Classification (Sample Position) The present invention Conventional 1 Conventional 2 Electrolytic (g) After electrolysis (g) Dissolution amount (g) Dissolution rate (%) Electrolytic (g) After electrolysis (g) Dissolution amount (g) Dissolution rate (%) Electrolytic (g) After electrolysis (g) Dissolution amount (g) Dissolution rate (%) One 613.4 165.6 447.8 73 602.1 204.7 397.4 66 608.7 170.4 438.3 72 2 611.1 165 446.1 73 616.1 215.6 400.5 65 610.1 183 427.1 70 3 614.4 172 442.4 72 613.4 245.3 368.1 60 607.4 194.3 413.1 68 4 613.7 171.8 441.9 72 616.7 277.5 339.2 55 609.3 231.5 377.8 62 5 626.2 169.1 457.1 73 602.3 313.2 289.1 48 611.3 256.7 354.6 58 6 620.8 167.6 453.2 73 615.3 326.1 289.2 47 608.6 261.7 346.9 57 7 621.7 167.9 453.8 73 612.2 306.2 306.1 50 607.3 267.2 340.1 56 8 622.4 174.3 448.1 72 611.8 269.2 342.6 56 606.4 206.2 400.2 66 9 614.9 172.2 442.7 72 612.6 220.5 392.1 64 610.3 189.2 421.1 69 10 614.5 165.9 448.6 73 610.5 213.7 396.8 65 609.3 182.8 426.5 70 Average 617.3 169.1 448.2 72.6 613.1 259.2 352.1 57.6 608.9 214.3 394.6 64.8

Table 1 and Figure 5 shows the effect between the electrolytic cell according to the present invention and the conventional electrolytic cell after the electrolysis of 10 specimens for 80 hours to show the result of comparing the amount of dissolution and dissolution rate.

In case of electrolysis in the electrolytic cell of the prior art 1, 352.1 g was dissolved and showed an average dissolution rate of 58% relative to the weight before electrolysis.In the case of the electrolytic cell in the prior art 2, 394.6 g was dissolved and about 65% was dissolved. In the case of the electrolyzer according to the present invention, an average of 448.2 g was dissolved to show a dissolution rate of about 73%, indicating that the dissolution rate of the electrolyzer according to the present invention was improved by about 8 to 15%, and that the overall dissolution was uniform.

And as shown in Figure 6, even in the dissolution time of the conventional electrolytic cell takes 121 ~ 200 hours, 114 ~ 178 hours, respectively, it can be seen the presence of the non-uniformity and stagnation of the concentration depending on the location, the present invention is an electrolytic cell Regardless of the specimen position at, the electrolysis showed almost uniform electrolysis for 110 hours and the electrolysis time decreased.

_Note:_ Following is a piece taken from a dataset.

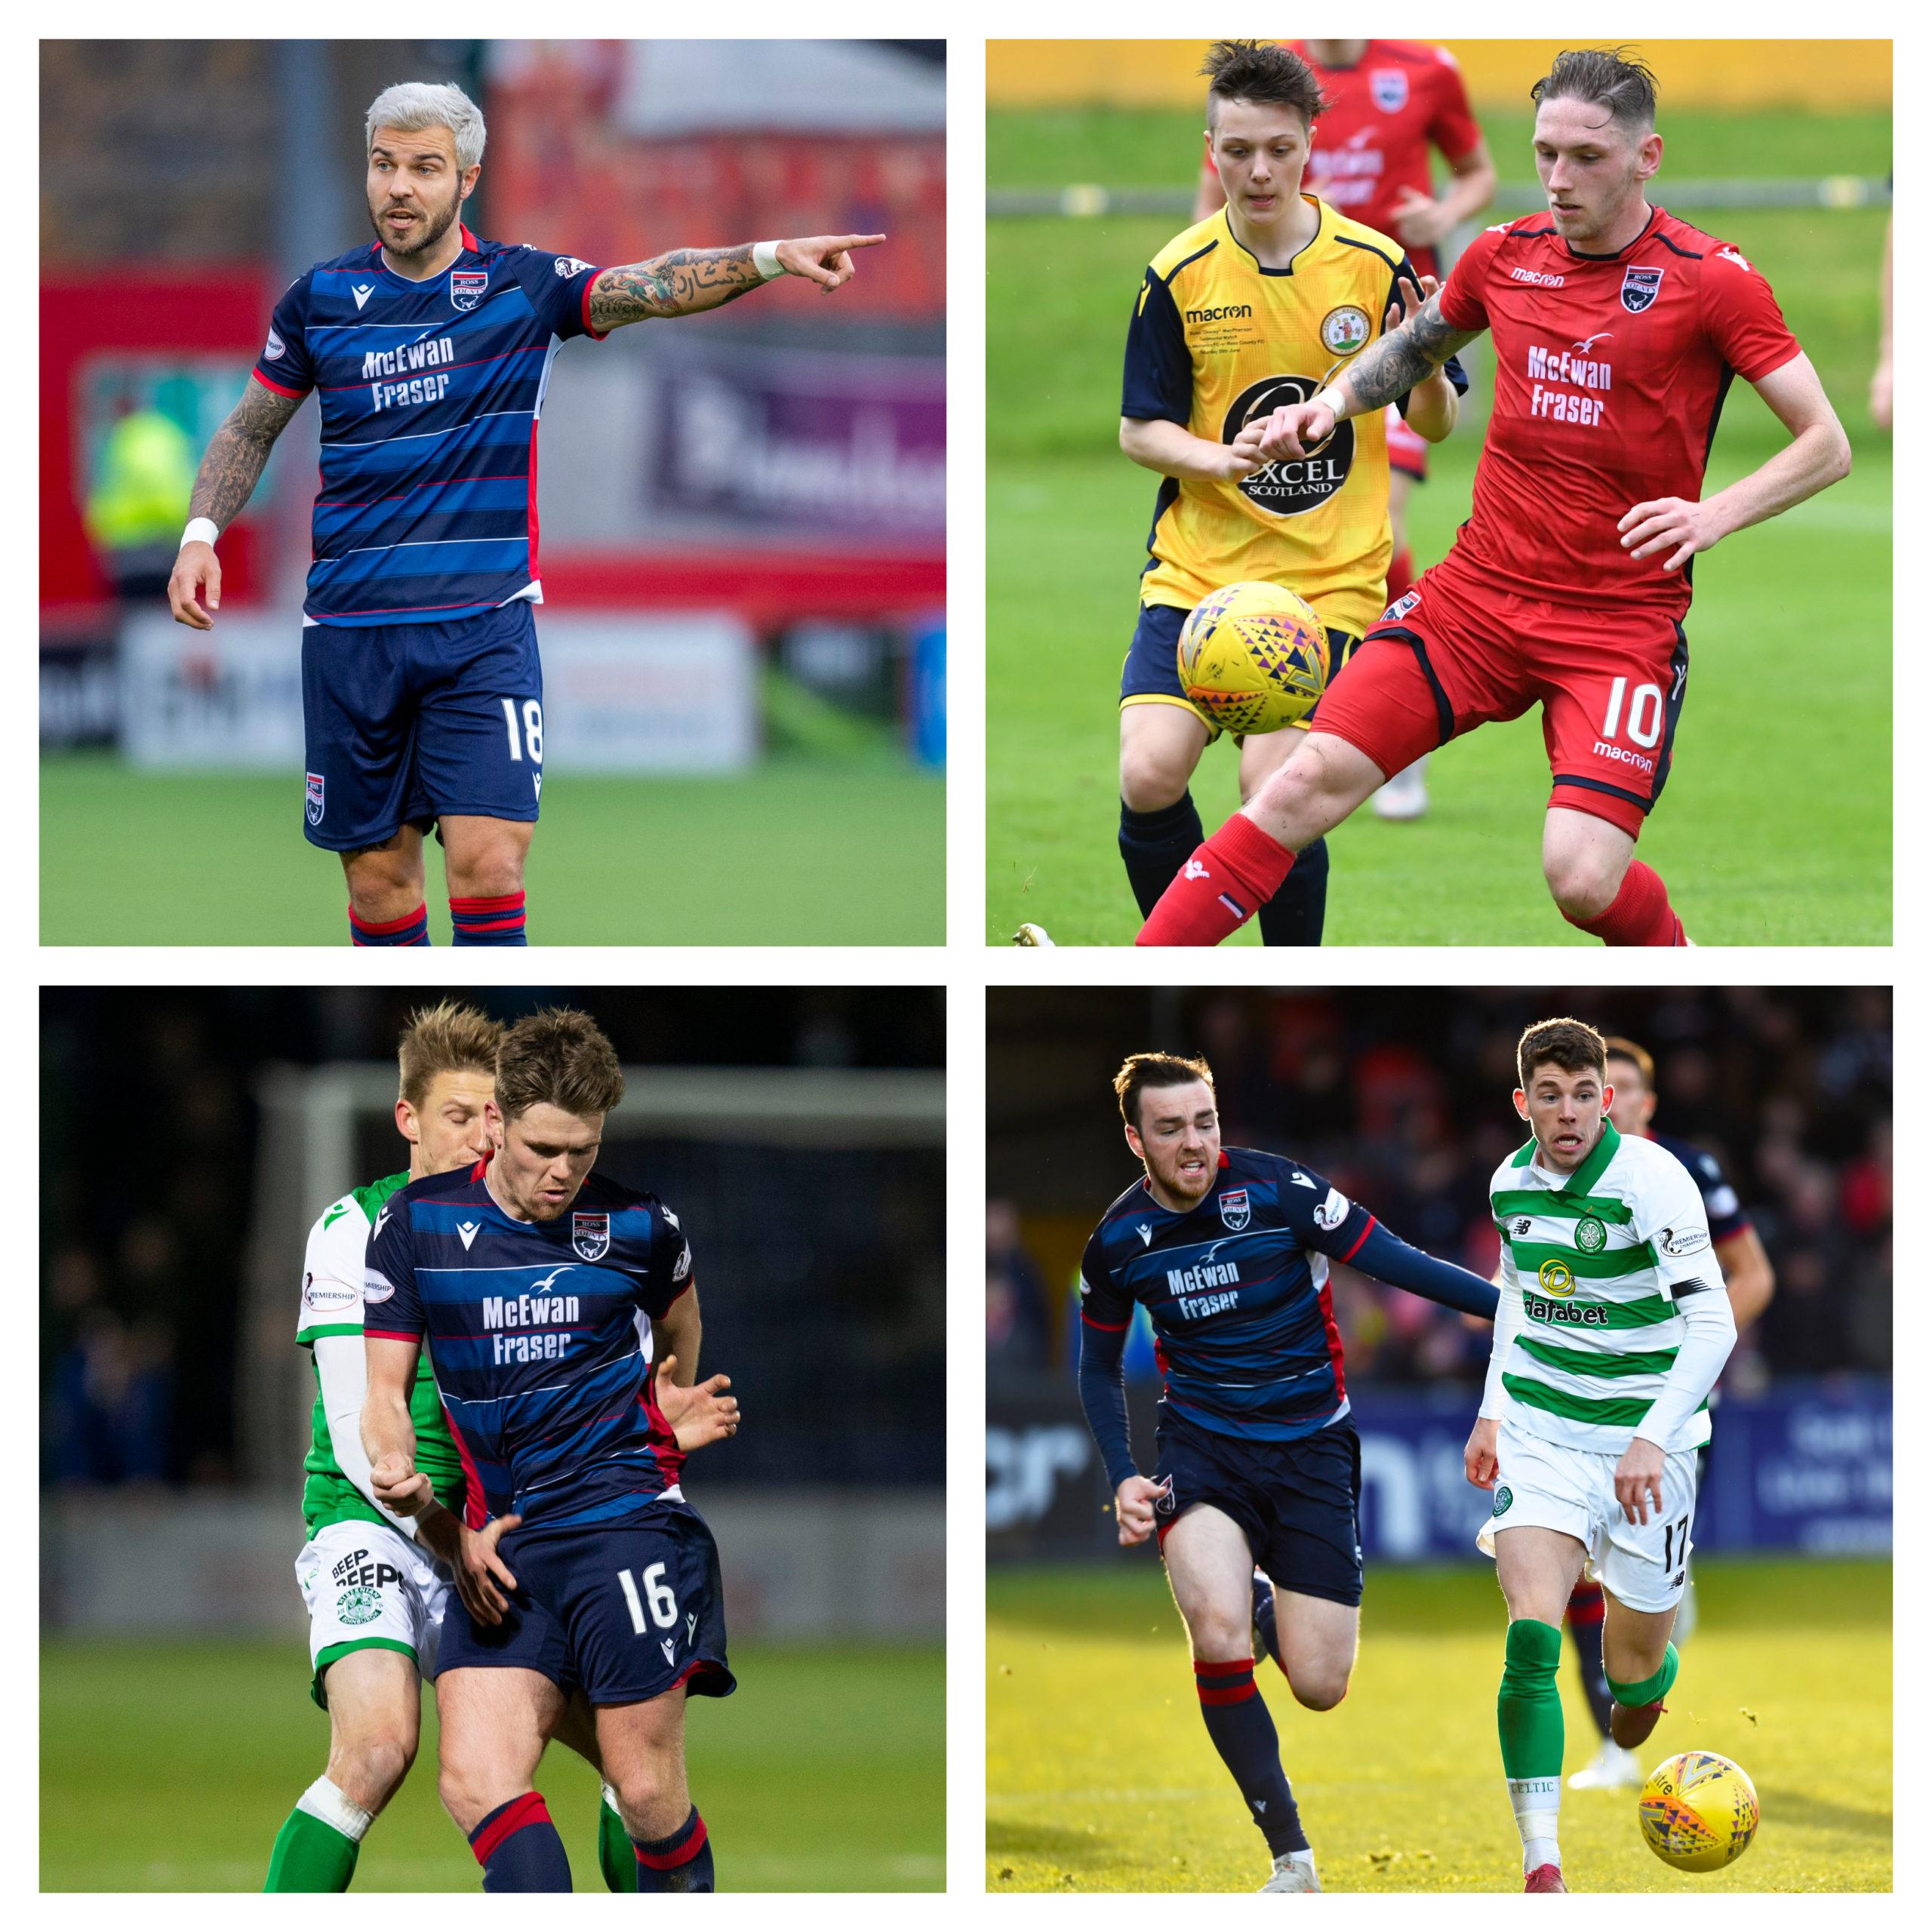 Clockwise from top left: Richard Foster, Declan McManus, Sean Kelly, Lewis Spence

According to the present invention as described above, the agitation of the electrolyte solution is induced by the flow of the dropping of the electrolyte by the liquid supply part resistance plate and the drainage part resistance plate installed in the electrolytic cell and the flow of the gas blowing by the inert gas supply pipe, Uniform electrolytic action occurs and electrolysis time can be shortened.

Claims (1)

In the electrolytic cell used in the electrolytic extraction operation of steel inclusions, An electrolyte supply unit 21 positioned between two liquid supply unit resistance plates 31 and 31-1 provided at the center of the electrolytic cell 20-2; An electrolyte supply hole 14 is formed at a lower end of the liquid supply part resistor plates 31 and 31-1, and the drain part resistance plates 32 and 32-1 are provided at both ends of the electrolytic cell 20. Electrolyte solution discharge parts 22 and 22-1 positioned at the outer side of each other; It is located between the electrolyte supply unit 21 and the electrolyte discharge unit 22, the non-metal in the steel, characterized in that consisting of the electrolytic extraction unit 23, 23-1 is provided with an inert gas supply pipe 13 Electrolyzer for extracting inclusions.